[Source records — start]
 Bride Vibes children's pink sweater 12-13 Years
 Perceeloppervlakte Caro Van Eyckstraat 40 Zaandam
[Source records — finish]
[Source records — start]
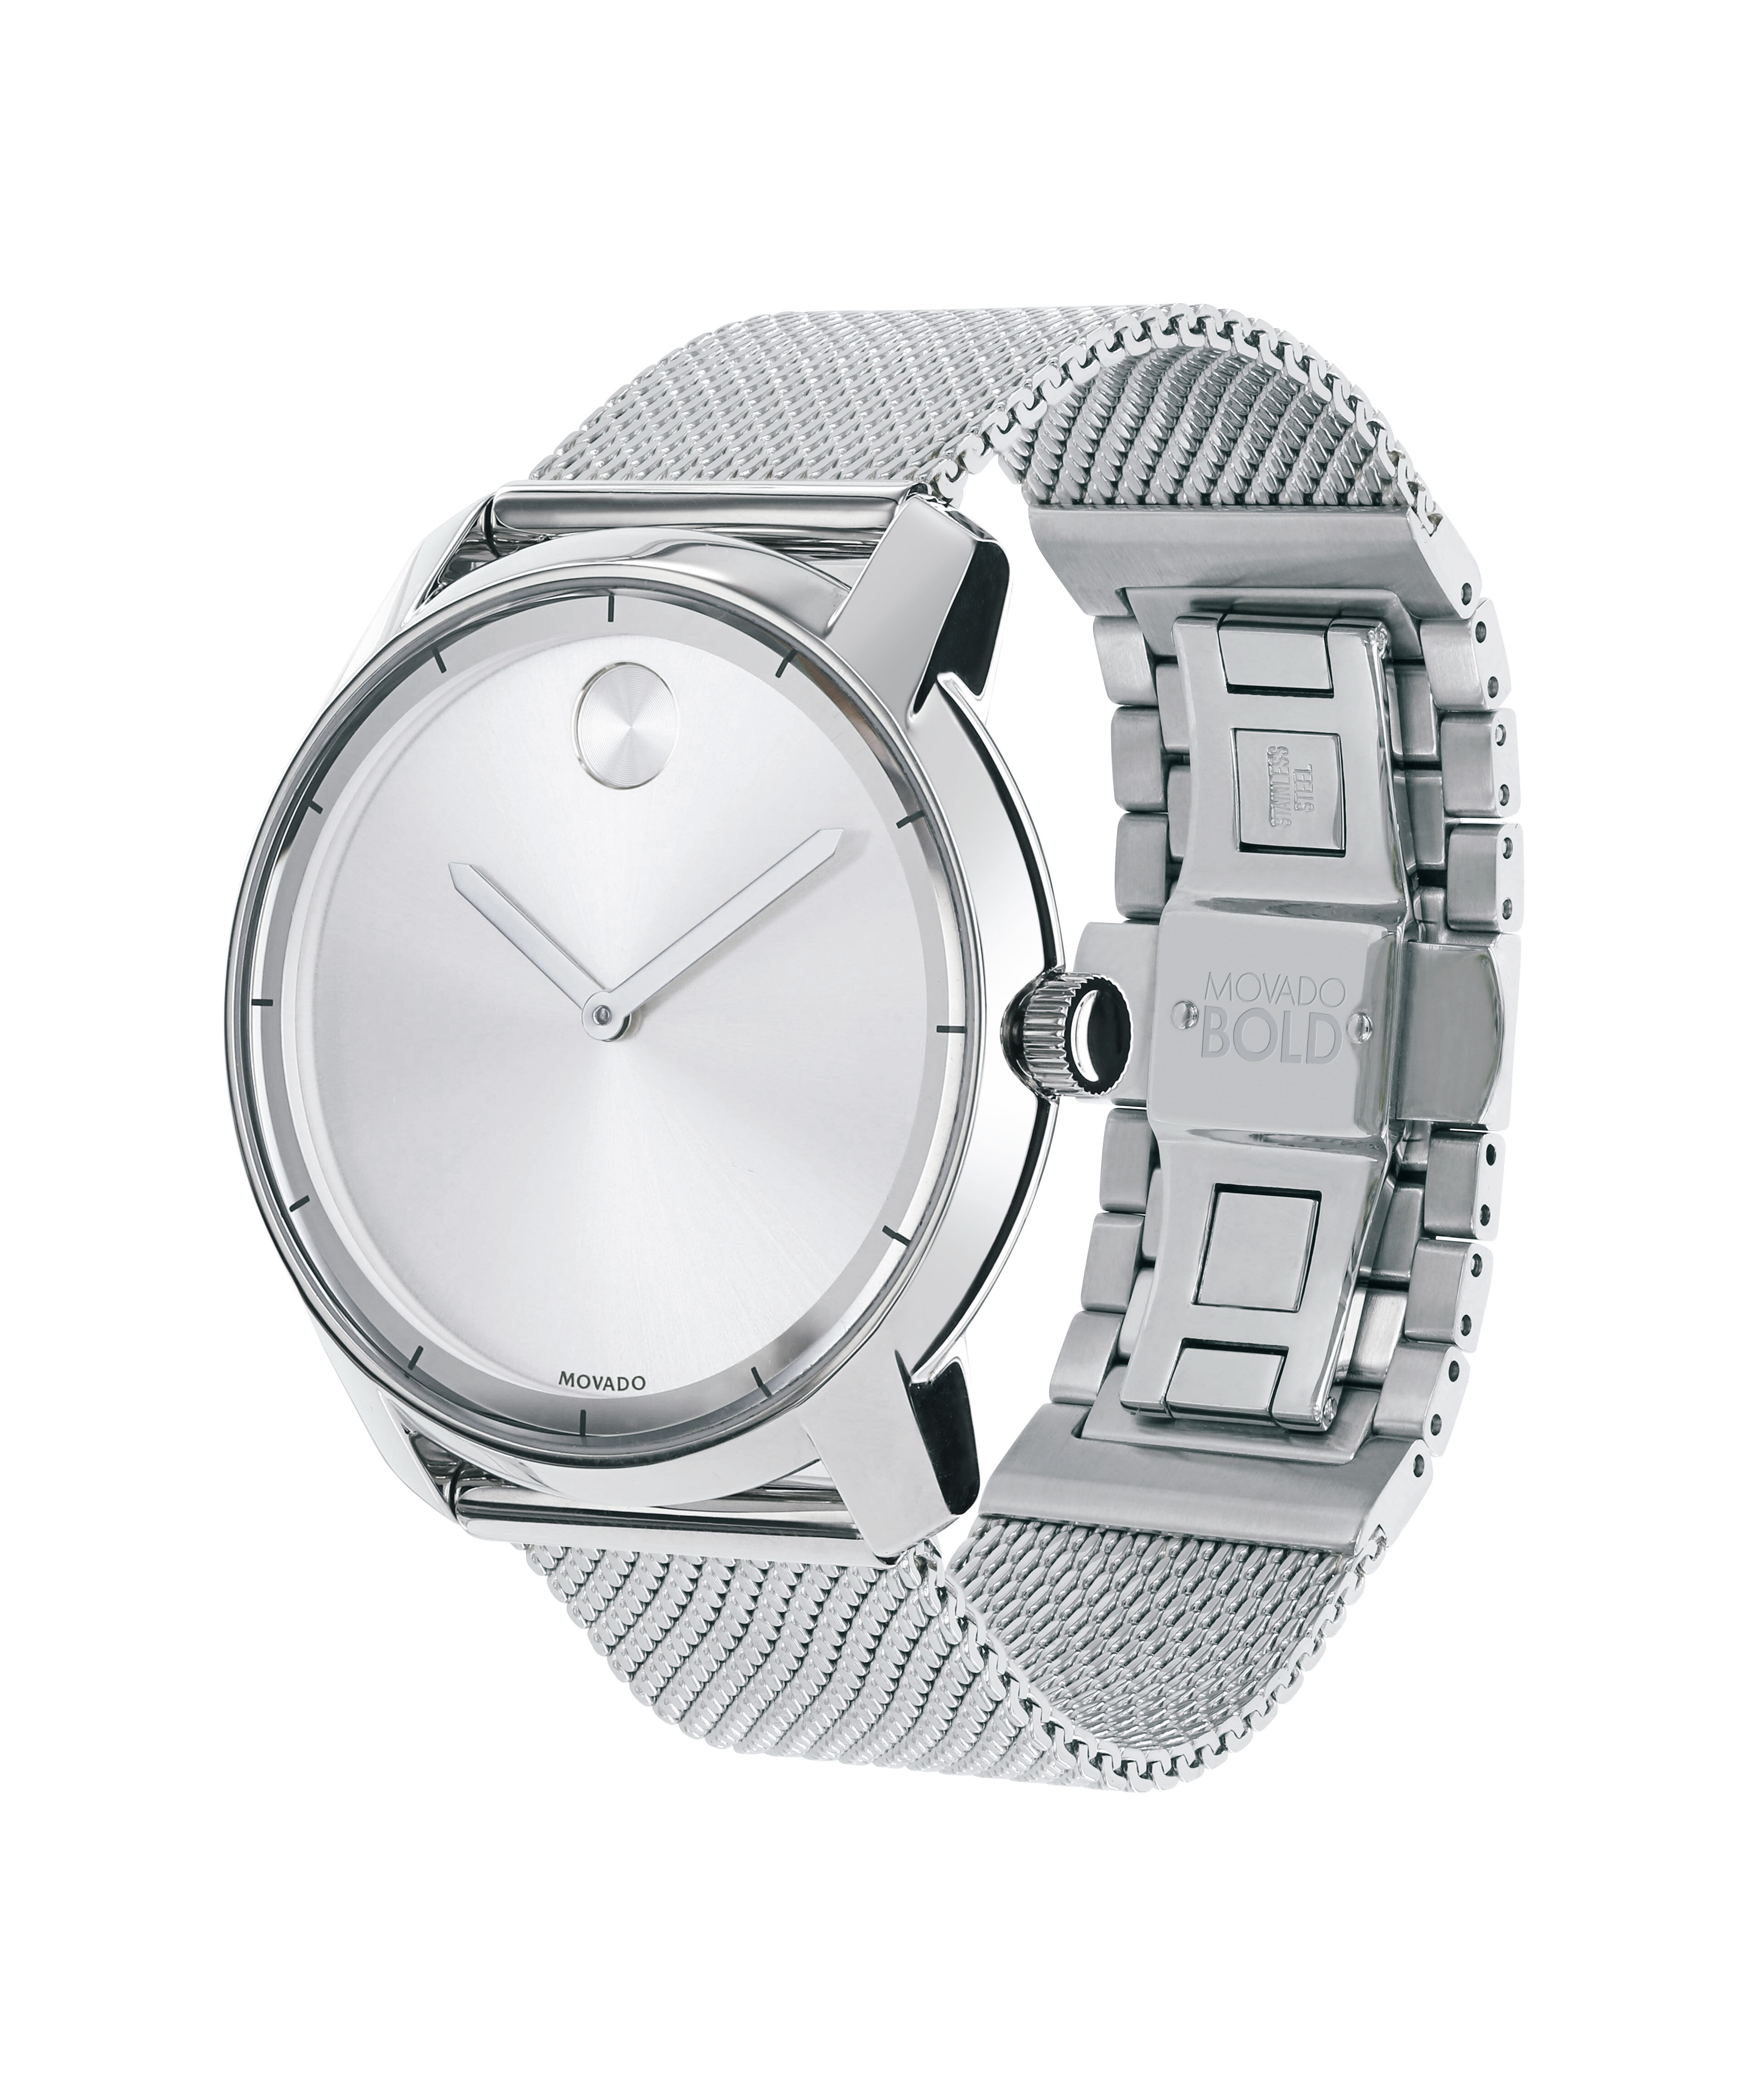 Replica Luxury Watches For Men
[Source records — finish]
[Source records — start]
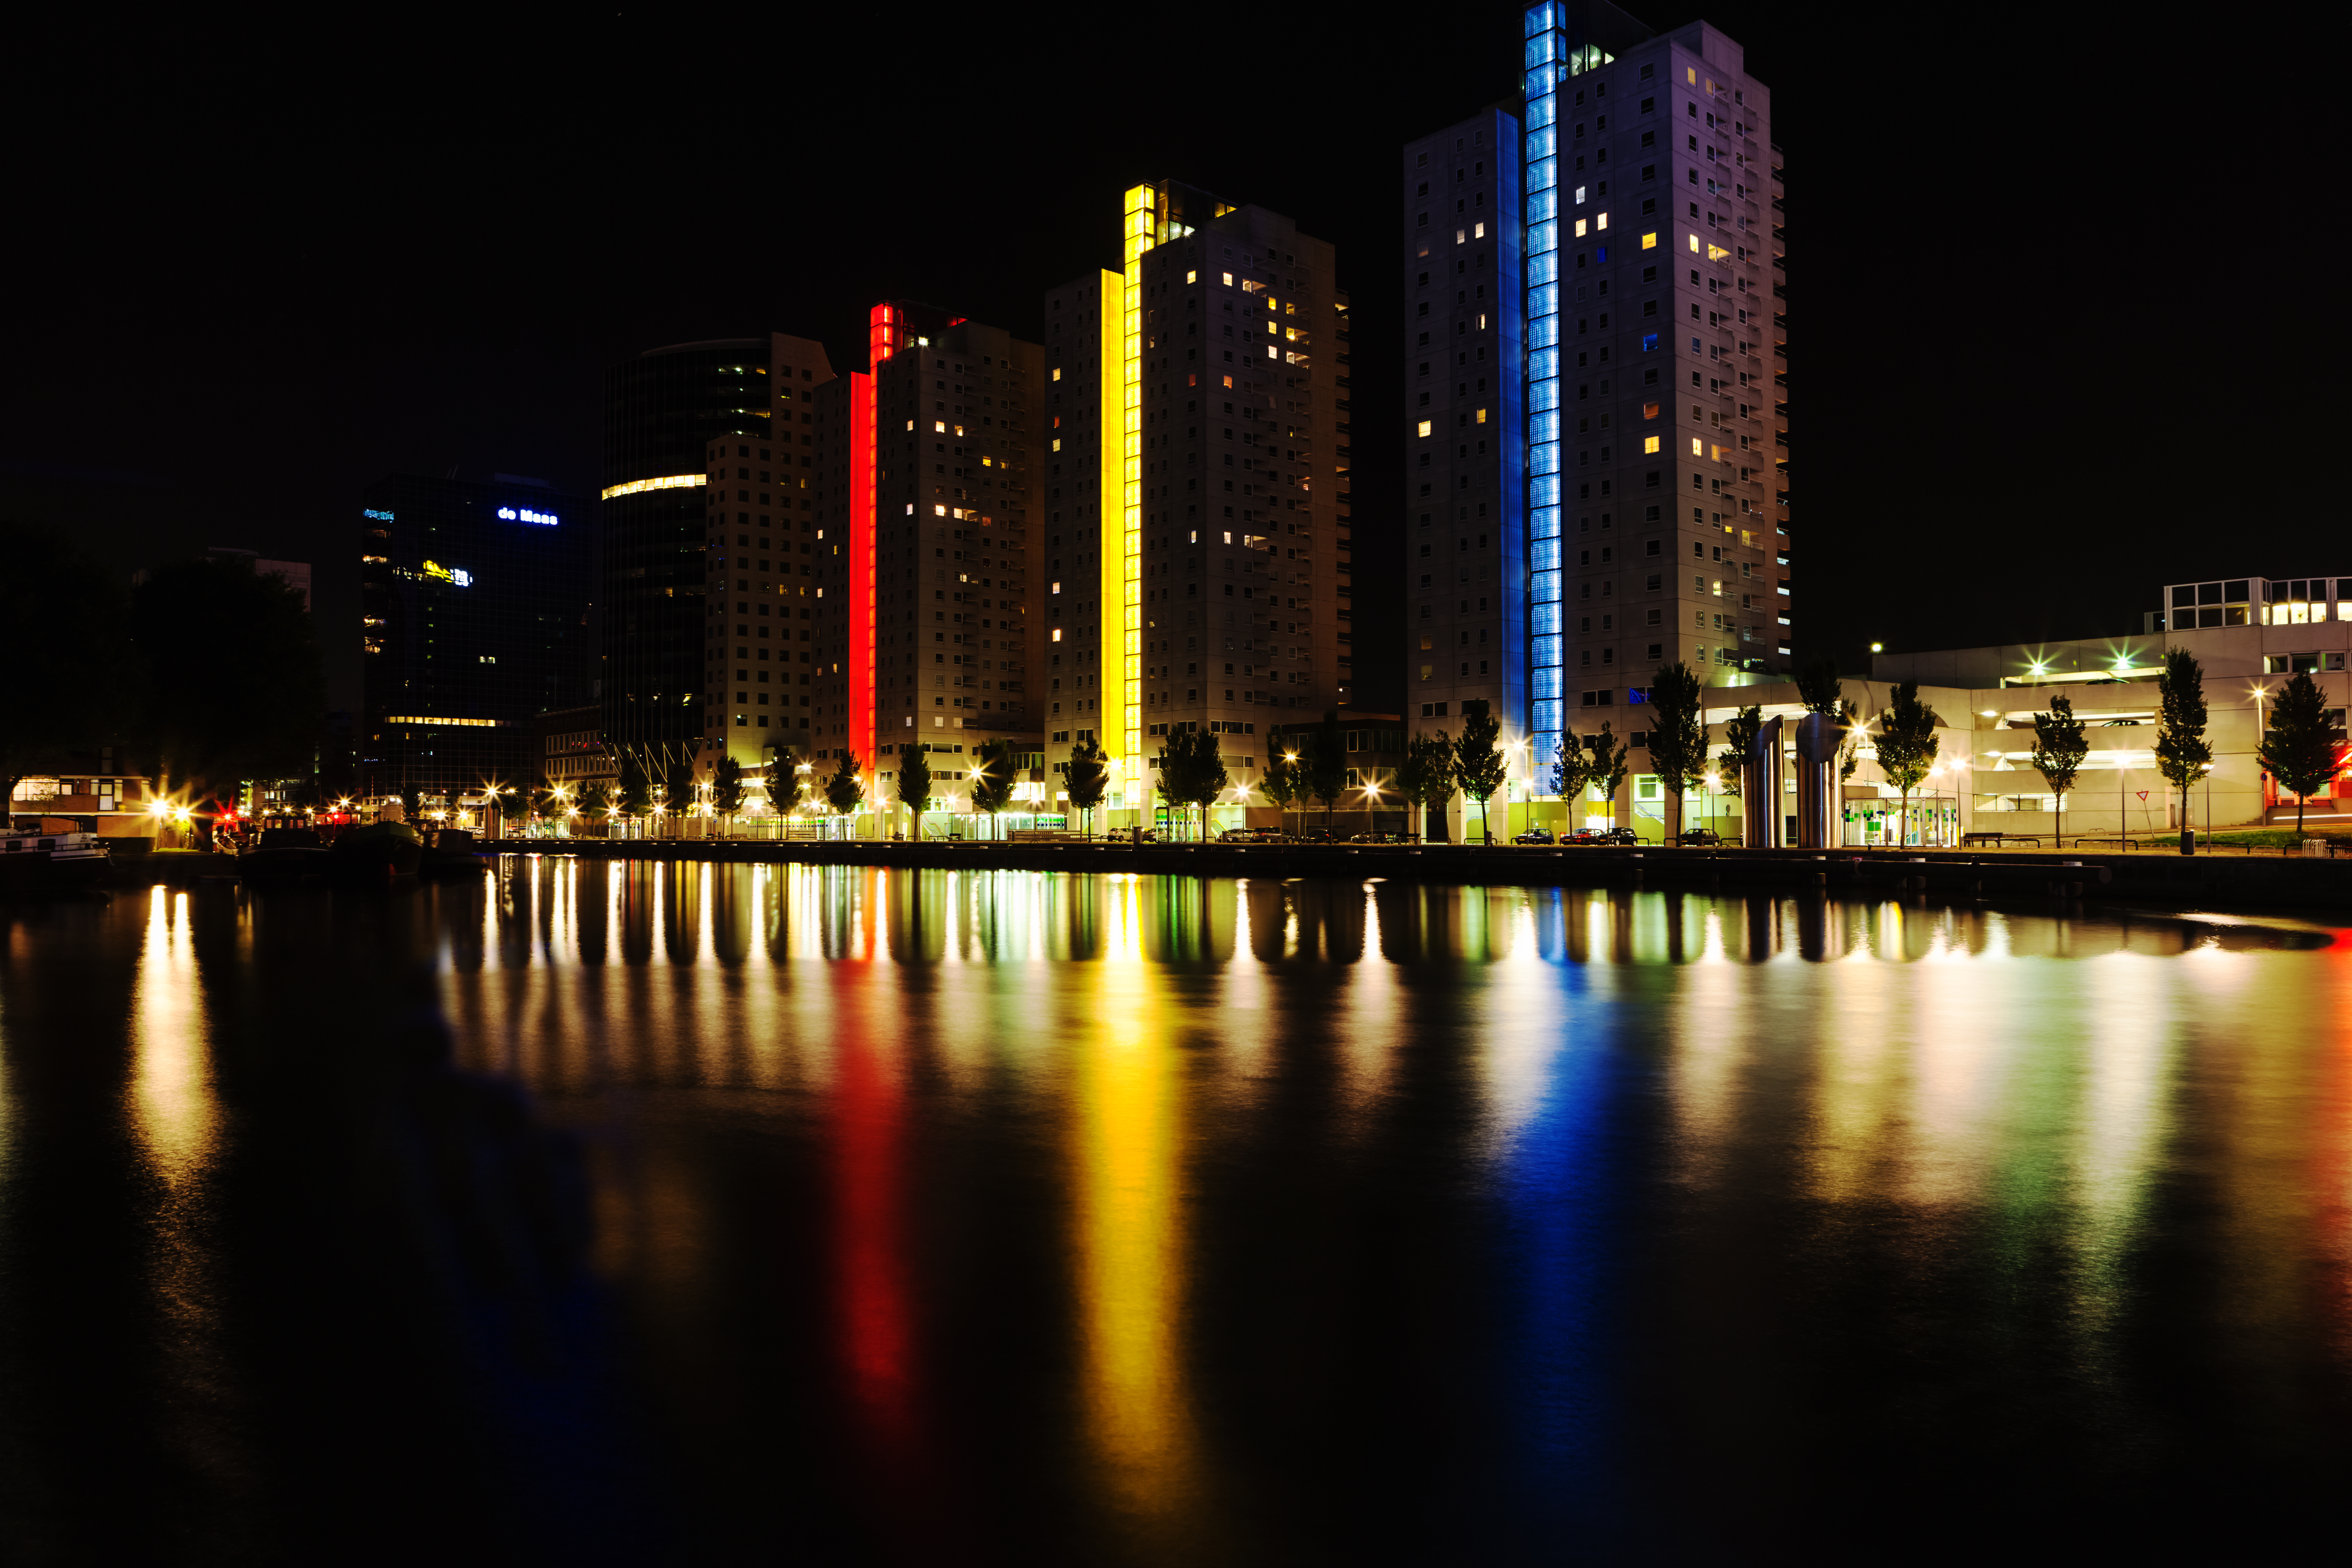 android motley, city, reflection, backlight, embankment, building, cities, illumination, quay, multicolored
[Source records — finish]
▶ [What is being asked]: An exact, complete copy of the lines above from the one with "Bride Vibes children's" through the one with "Perceeloppervlakte Caro Van" is the whole answer.

▶ [Reply]:
 Bride Vibes children's pink sweater 12-13 Years
 Perceeloppervlakte Caro Van Eyckstraat 40 Zaandam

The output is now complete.